- Task statement:
Nothing outside the lines below from the one containing "toilet cover" through the one containing "Circa 1930s Lever" is to be printed; print those exactly, ends included, and drop the pictures.

- Data shown:
*** Block opens ***

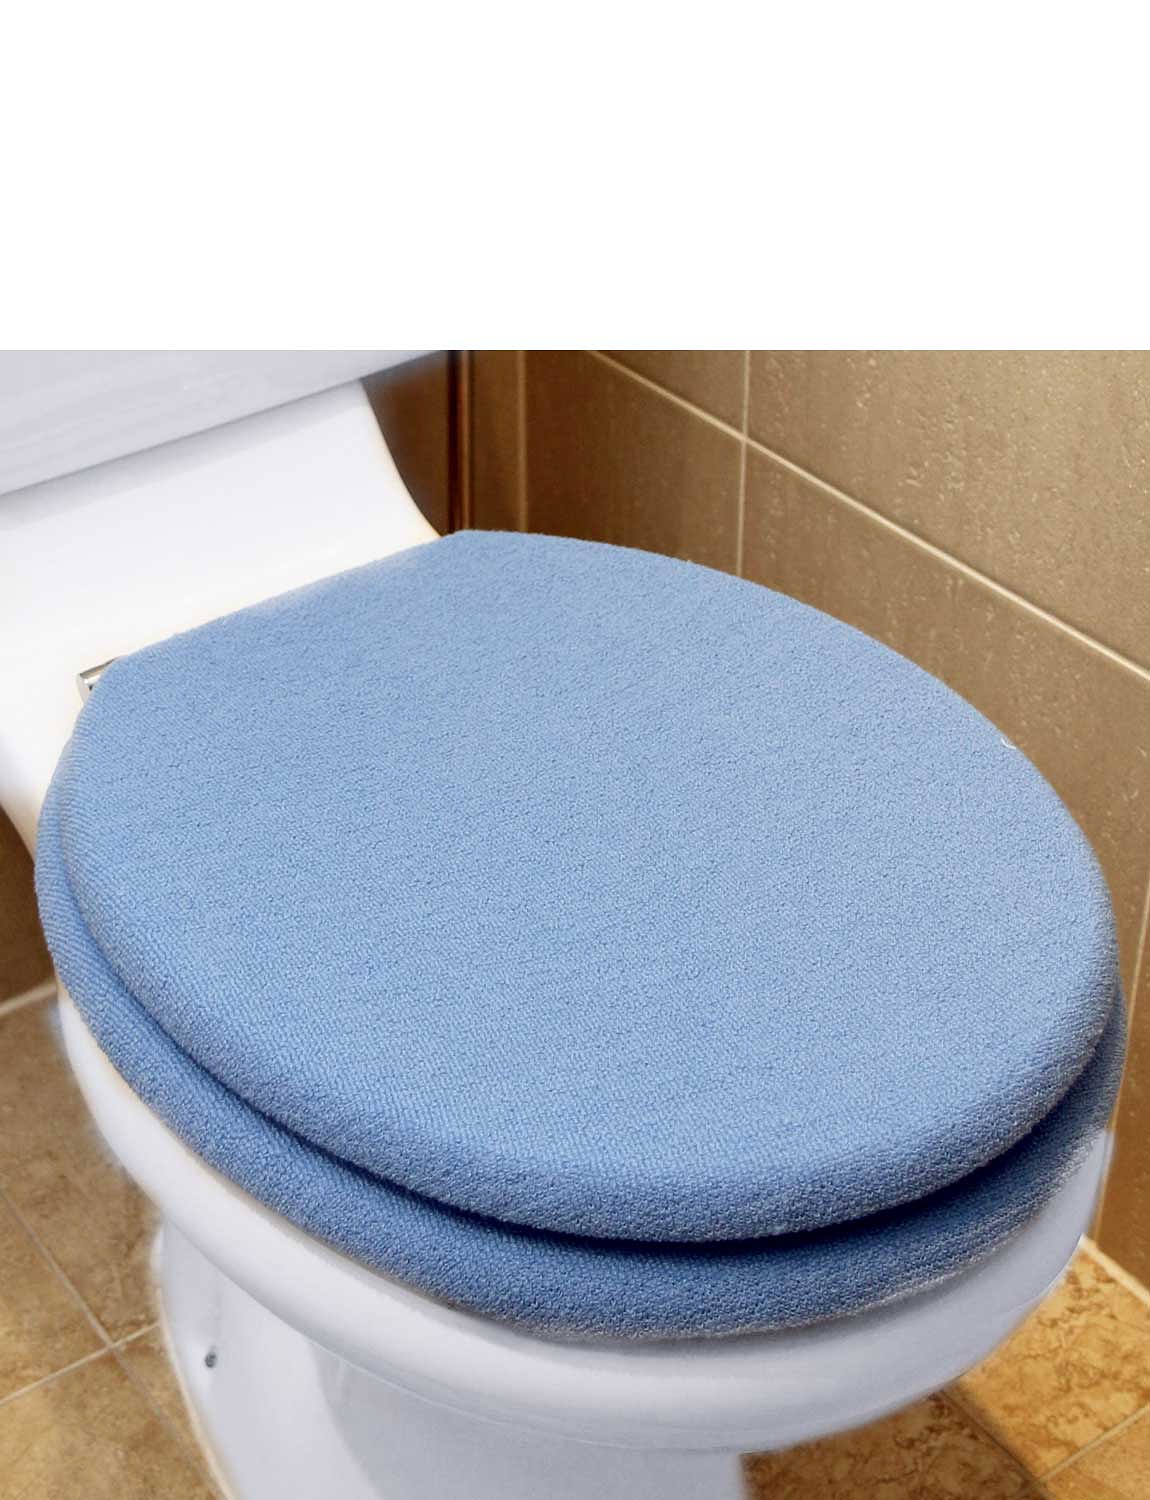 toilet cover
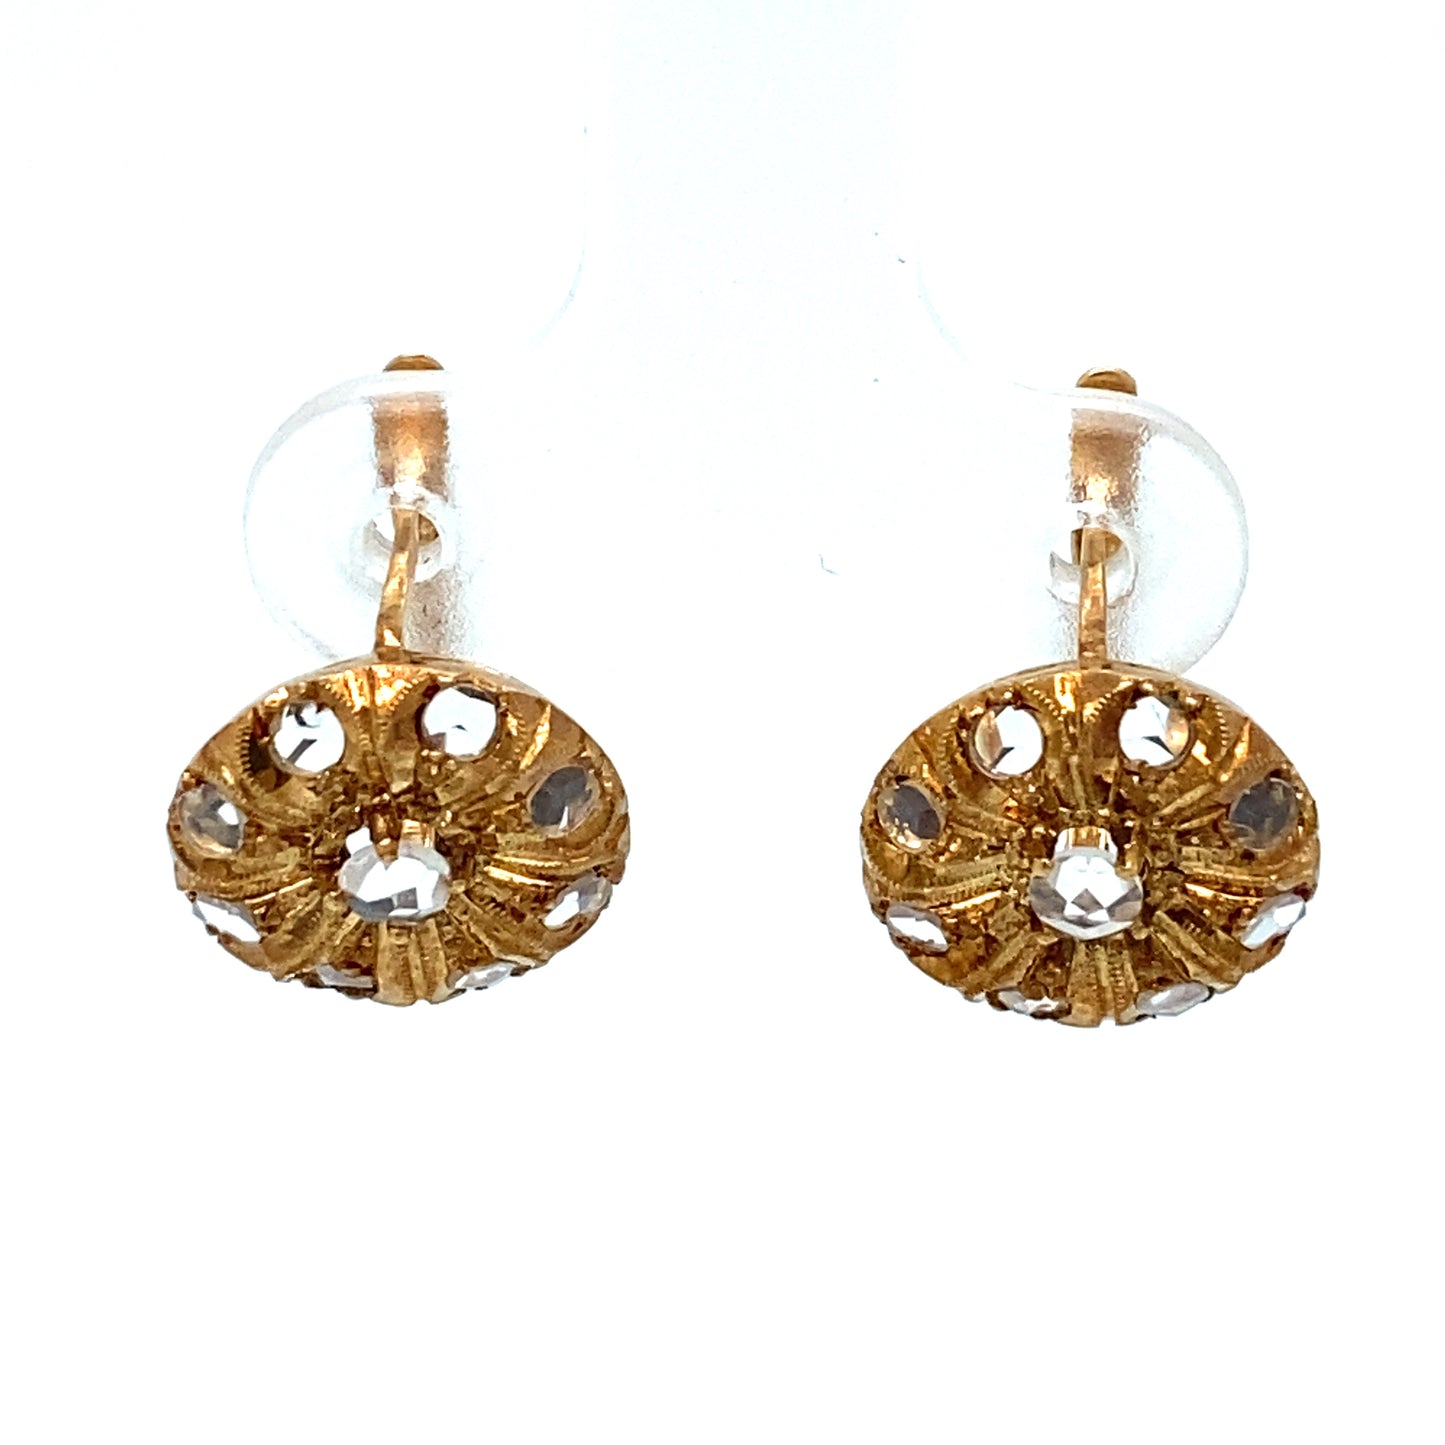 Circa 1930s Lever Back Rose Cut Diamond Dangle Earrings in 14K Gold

*** Block closes ***
*** Block opens ***

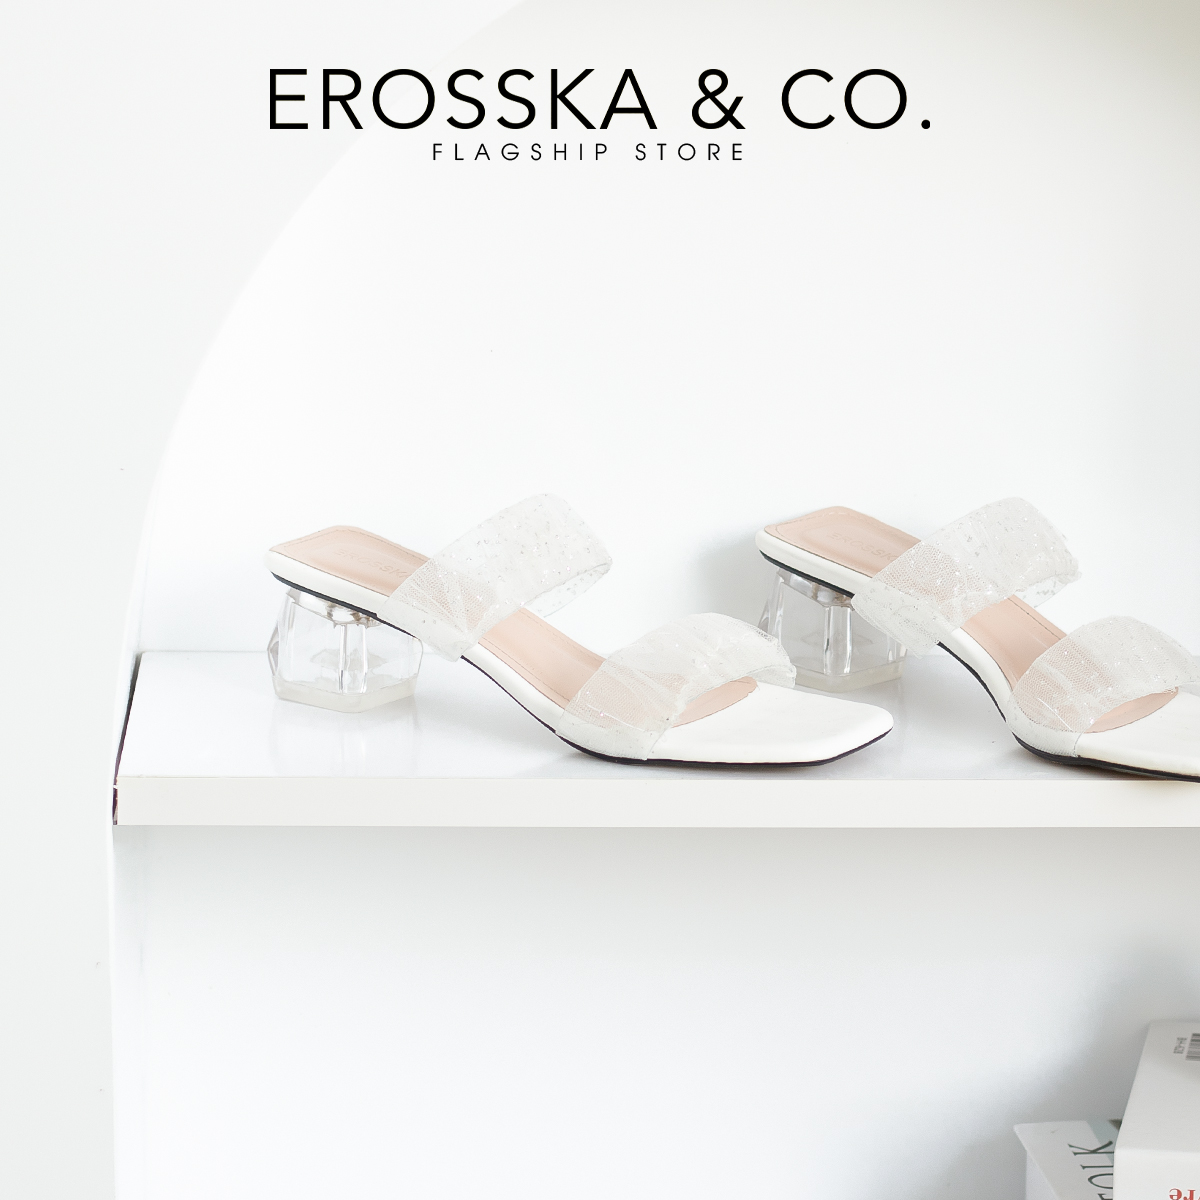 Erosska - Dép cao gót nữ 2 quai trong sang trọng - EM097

*** Block closes ***
*** Block opens ***

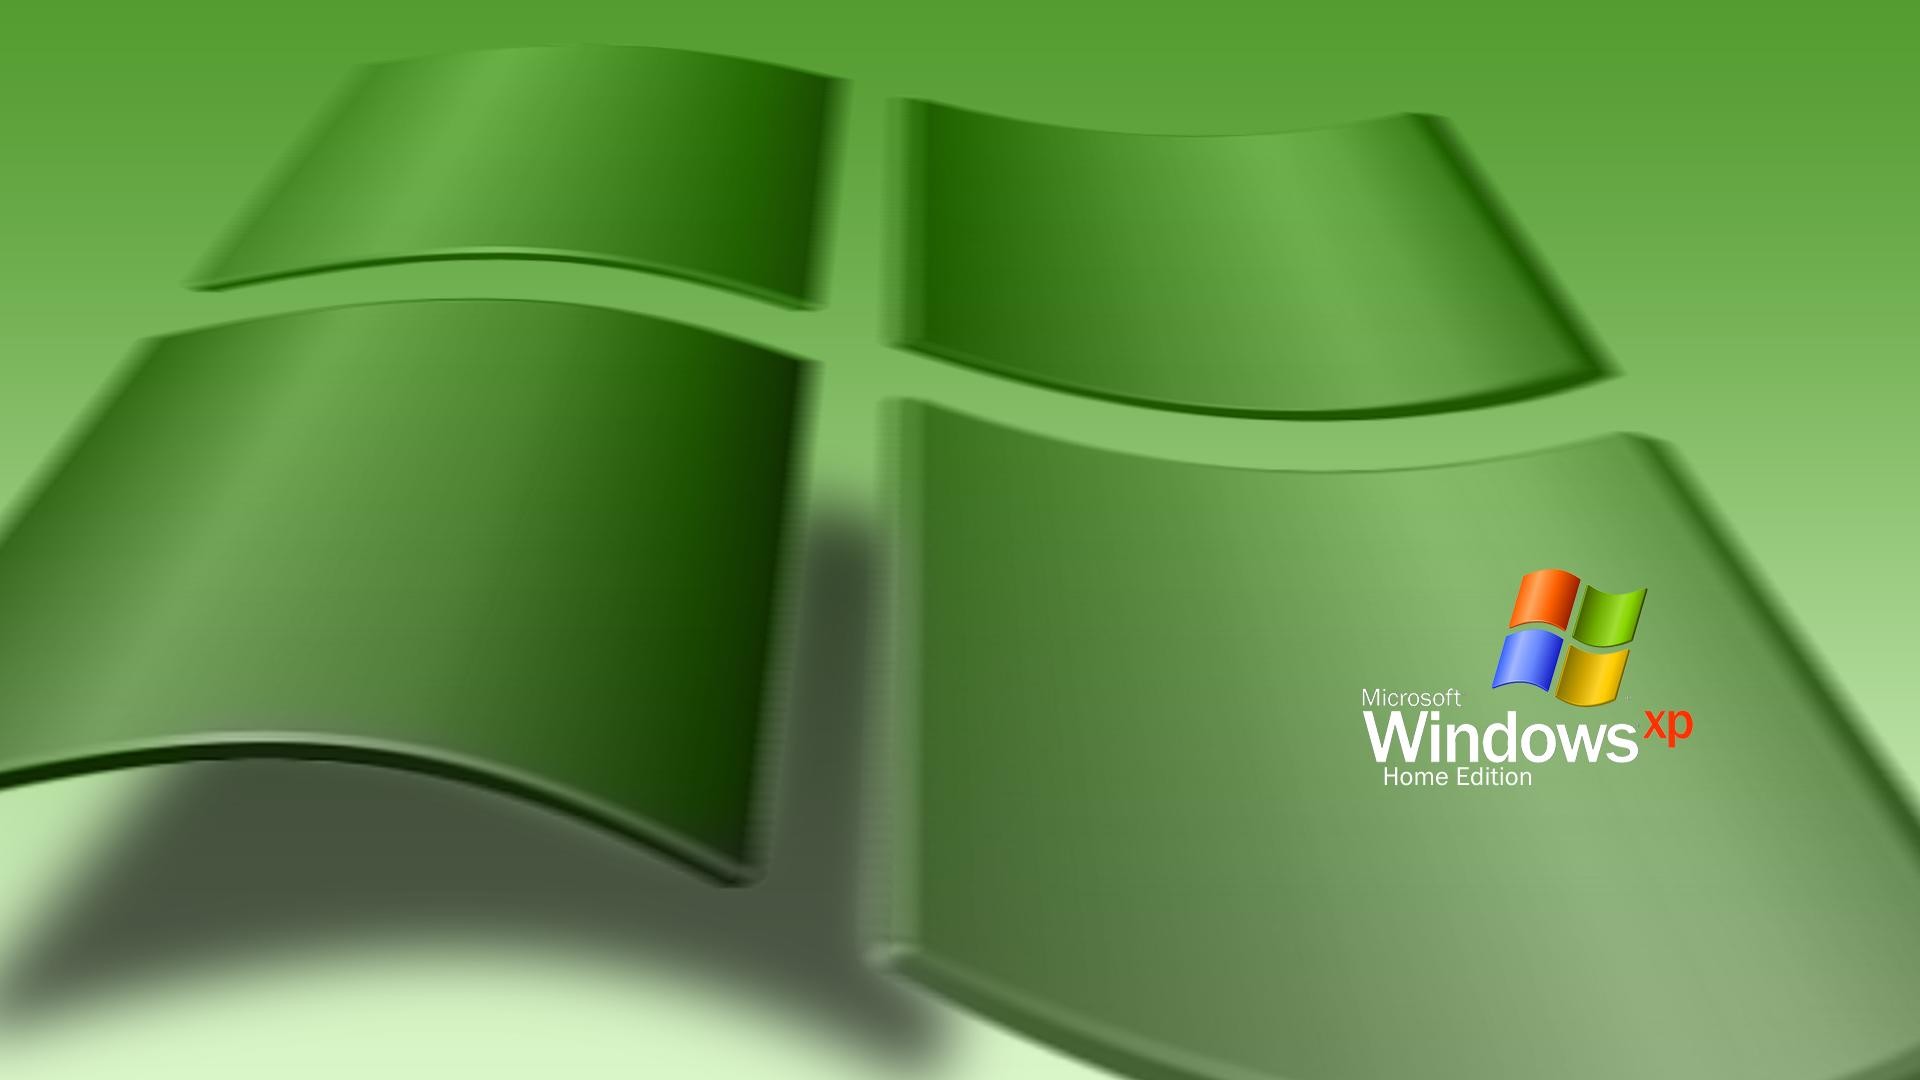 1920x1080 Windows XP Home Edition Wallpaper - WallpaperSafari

*** Block closes ***

- Your solution:
 toilet cover
 Circa 1930s Lever Back Rose Cut Diamond Dangle Earrings in 14K Gold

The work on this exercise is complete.